*Problem to solve*:
In the entries below, begin at the line with "Almacenes reurbanizado hecha" and stop after the line with "盒装牛奶 白色牛奶 奶牛"; output those lines exactly and omit the pictures.

*Excerpted records*:
"""
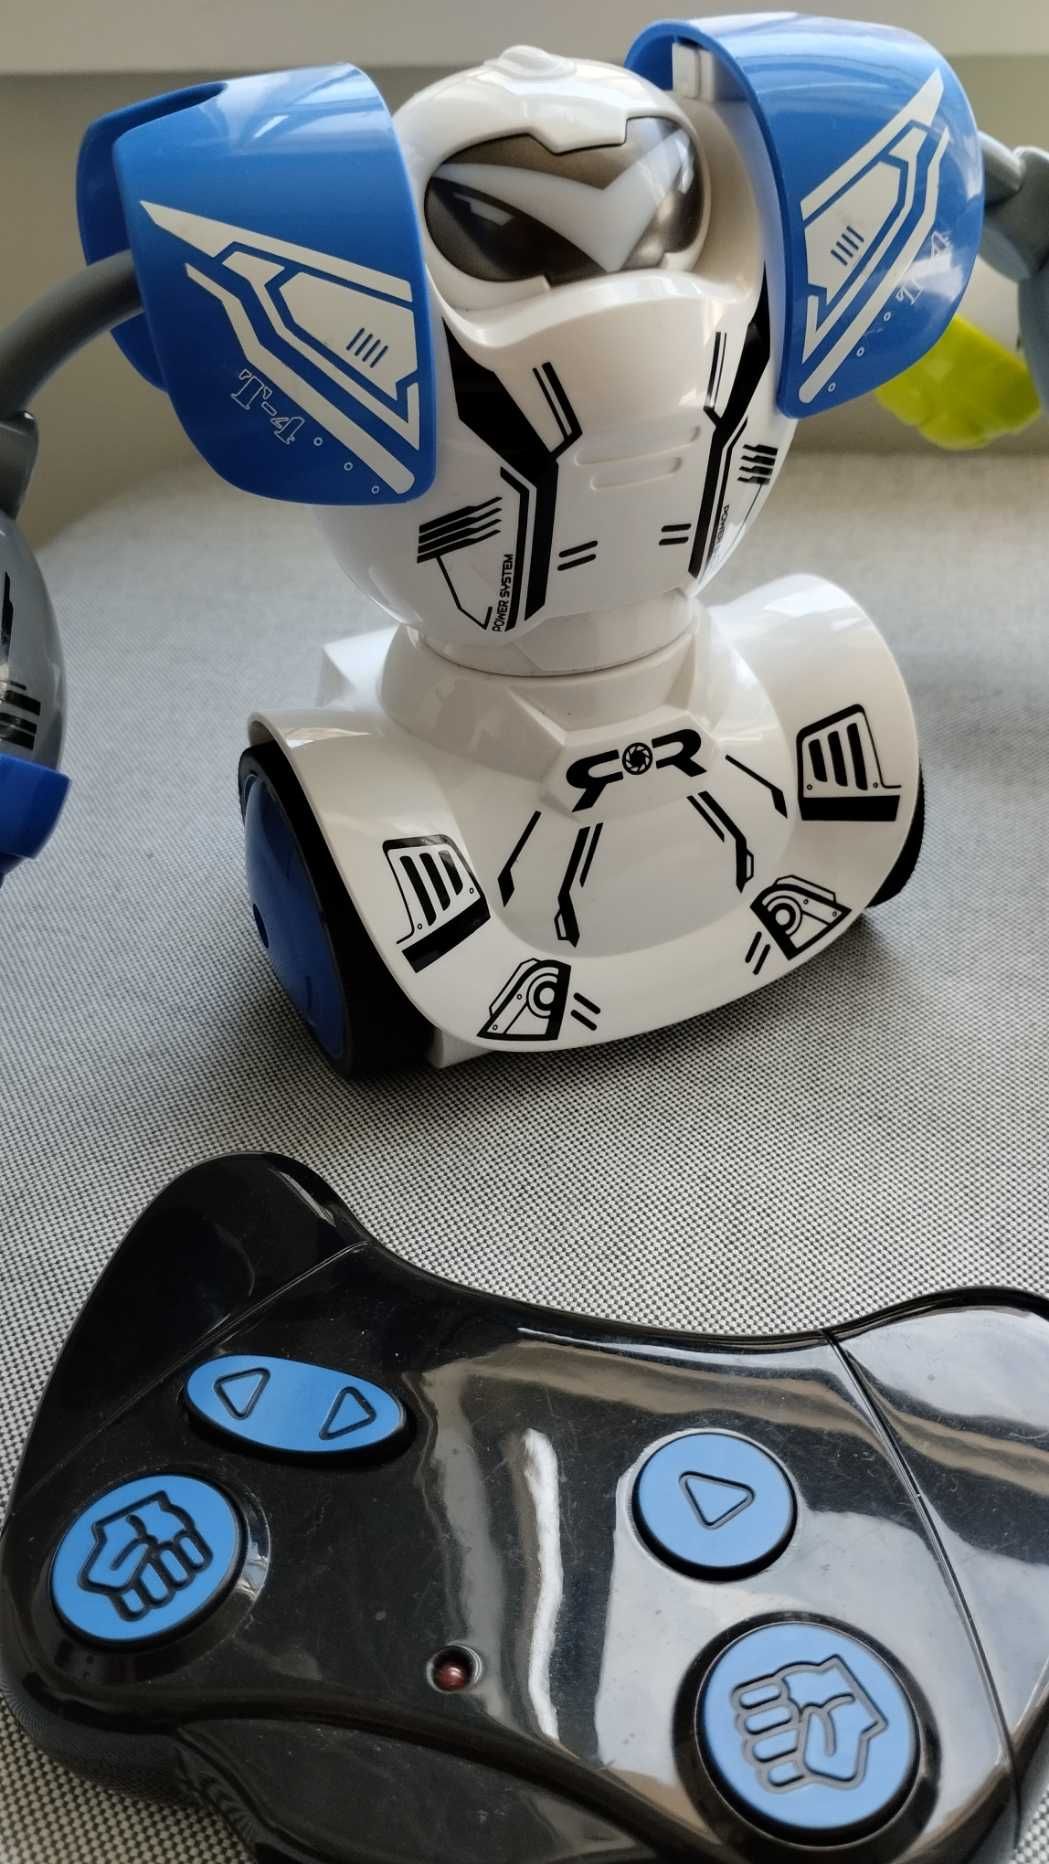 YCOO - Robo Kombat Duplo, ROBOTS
"""
"""
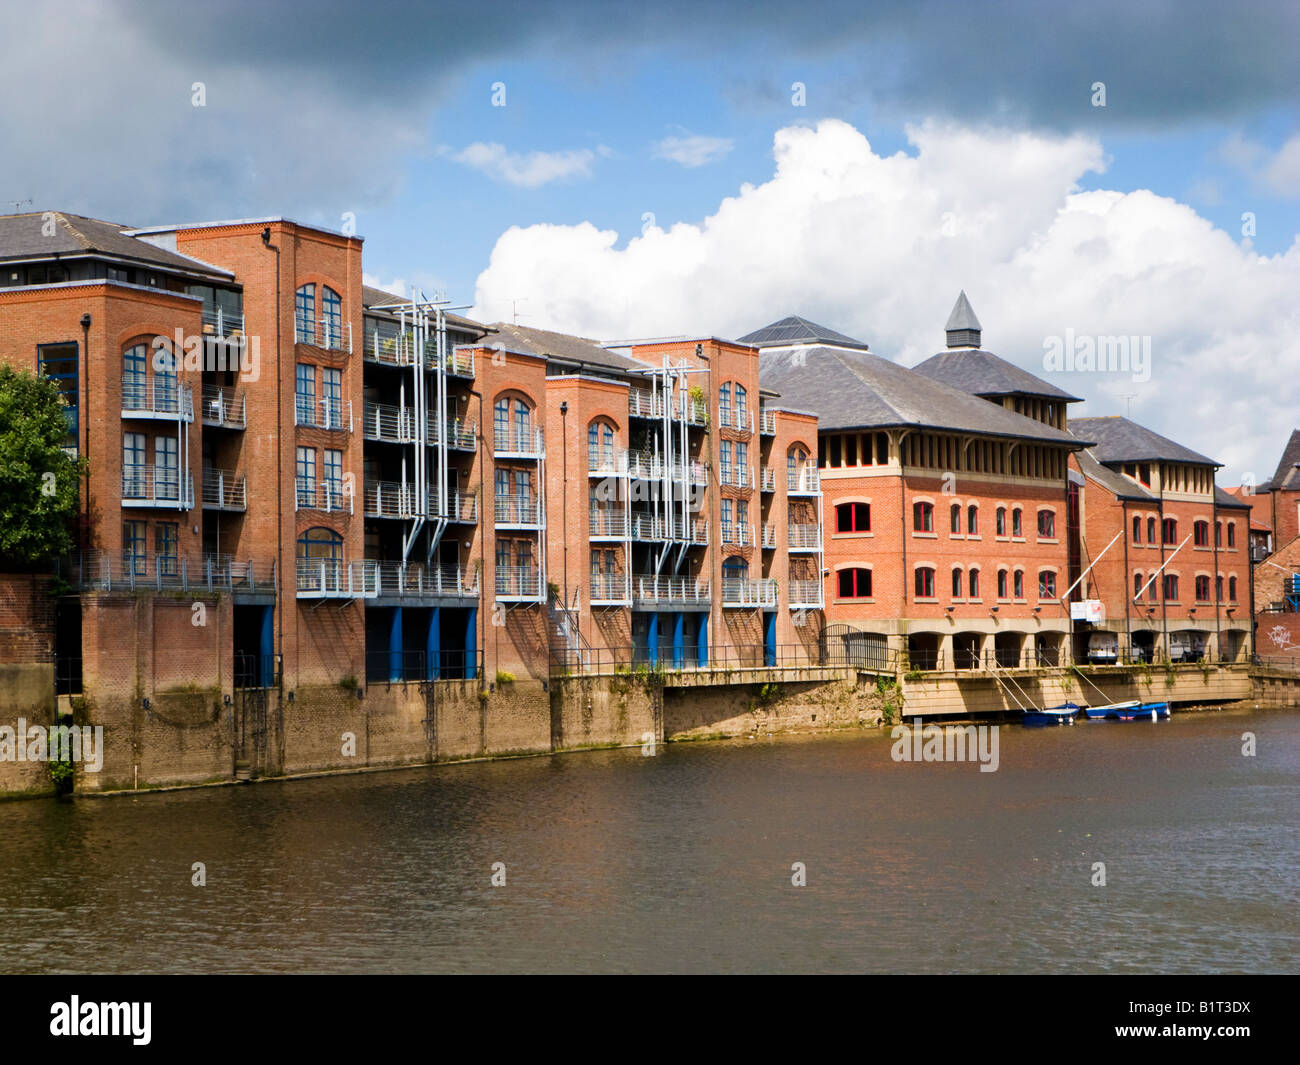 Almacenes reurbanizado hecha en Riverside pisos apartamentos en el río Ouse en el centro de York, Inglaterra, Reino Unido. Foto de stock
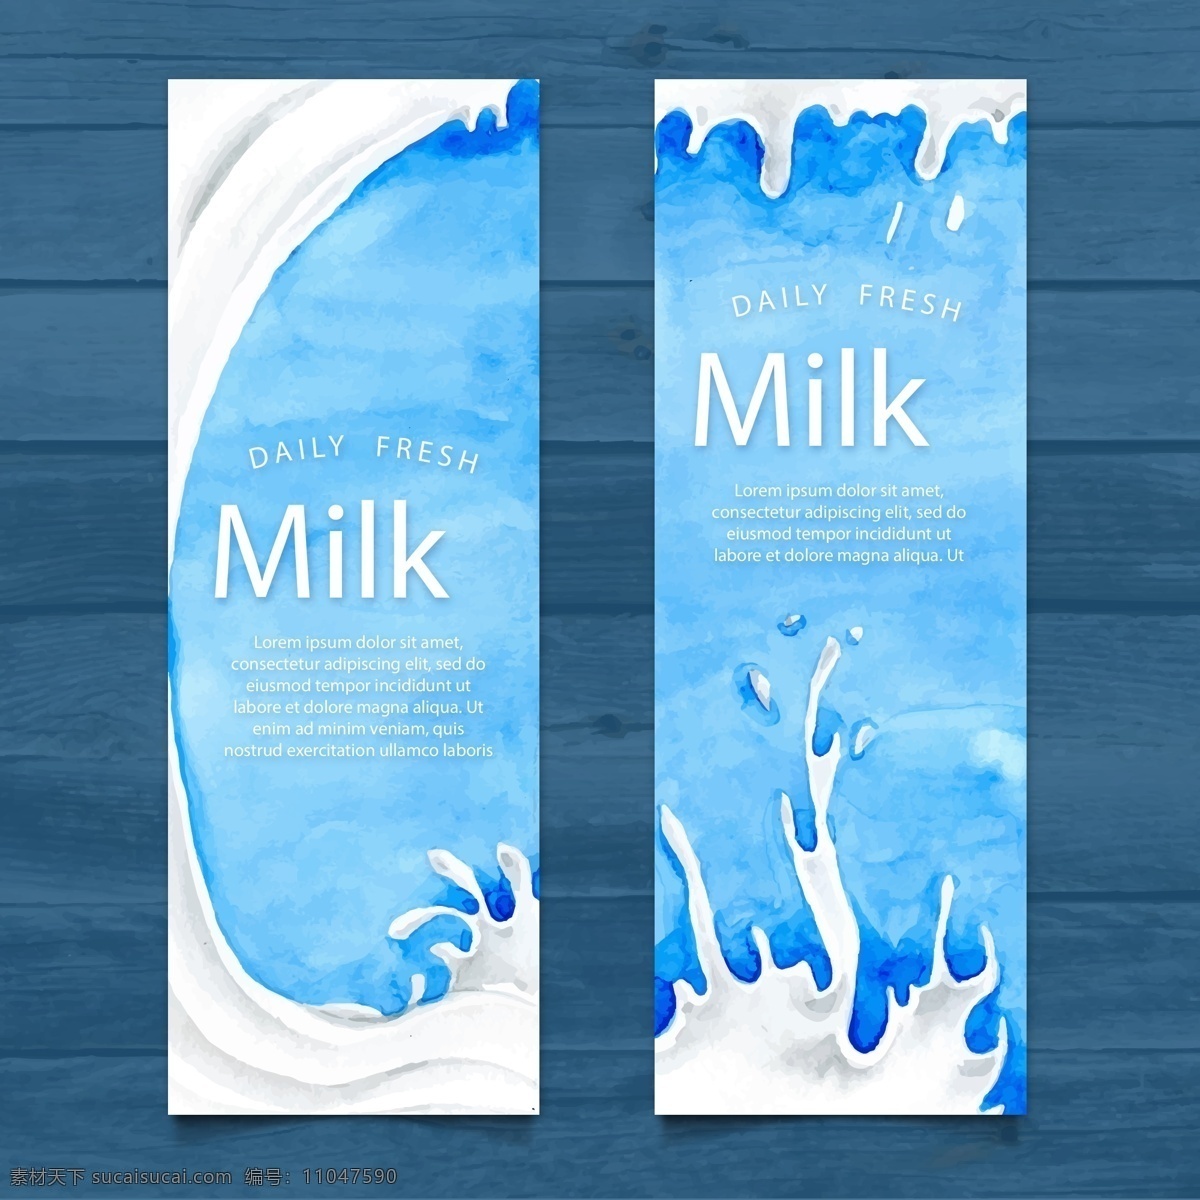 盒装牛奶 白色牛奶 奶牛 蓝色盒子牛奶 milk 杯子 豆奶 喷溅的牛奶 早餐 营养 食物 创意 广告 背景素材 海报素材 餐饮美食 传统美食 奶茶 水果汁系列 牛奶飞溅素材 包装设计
"""
*The answer*:
 Almacenes reurbanizado hecha en Riverside pisos apartamentos en el río Ouse en el centro de York, Inglaterra, Reino Unido. Foto de stock
 盒装牛奶 白色牛奶 奶牛 蓝色盒子牛奶 milk 杯子 豆奶 喷溅的牛奶 早餐 营养 食物 创意 广告 背景素材 海报素材 餐饮美食 传统美食 奶茶 水果汁系列 牛奶飞溅素材 包装设计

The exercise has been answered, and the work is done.